Our answer: in 2026, “entered once” should mean the client enters it — by text, at 3:12 on a Wednesday — and it's an order, a ranked fill, a timecard, an invoice, and a QuickBooks entry without anyone retyping a word. Same religion. Newer testament. As always: their side of this page is from their site, ours is priced on it, and there's no checkbox table anywhere.
Is TempGuru a COATS alternative?

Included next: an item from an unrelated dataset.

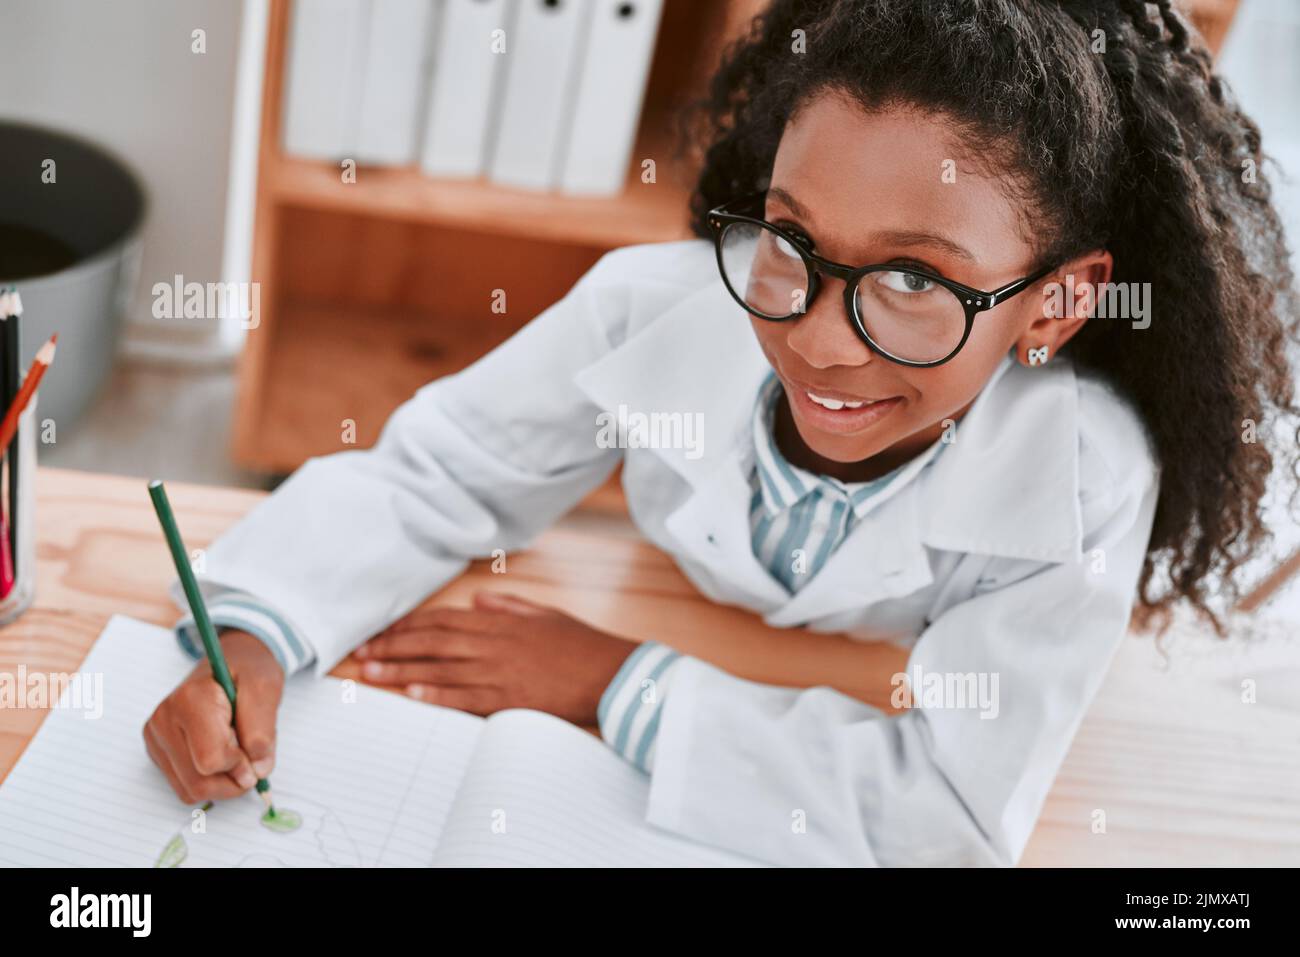 A-grades here I come. Portrait of an adorable young school girl drawing a diagram in her exercise book in science class at school. Stock Photo

Yes — for small and mid-size temp agencies that share the one-system philosophy but want the modern version: a built-in ATS and CRM (on Pro), clients ordering by text through Guru, AI-ranked fills a coordinator approves, geofence clock-in, same-day invoicing, and books that sync to QuickBooks. Published pricing: $254–$424/month plus 2–2.5% on billed shifts.
Thirty years of trust is a real asset. If what you have works and payroll-inside-the-package is how you like it, this page won't talk you out of a system that's earning its keep.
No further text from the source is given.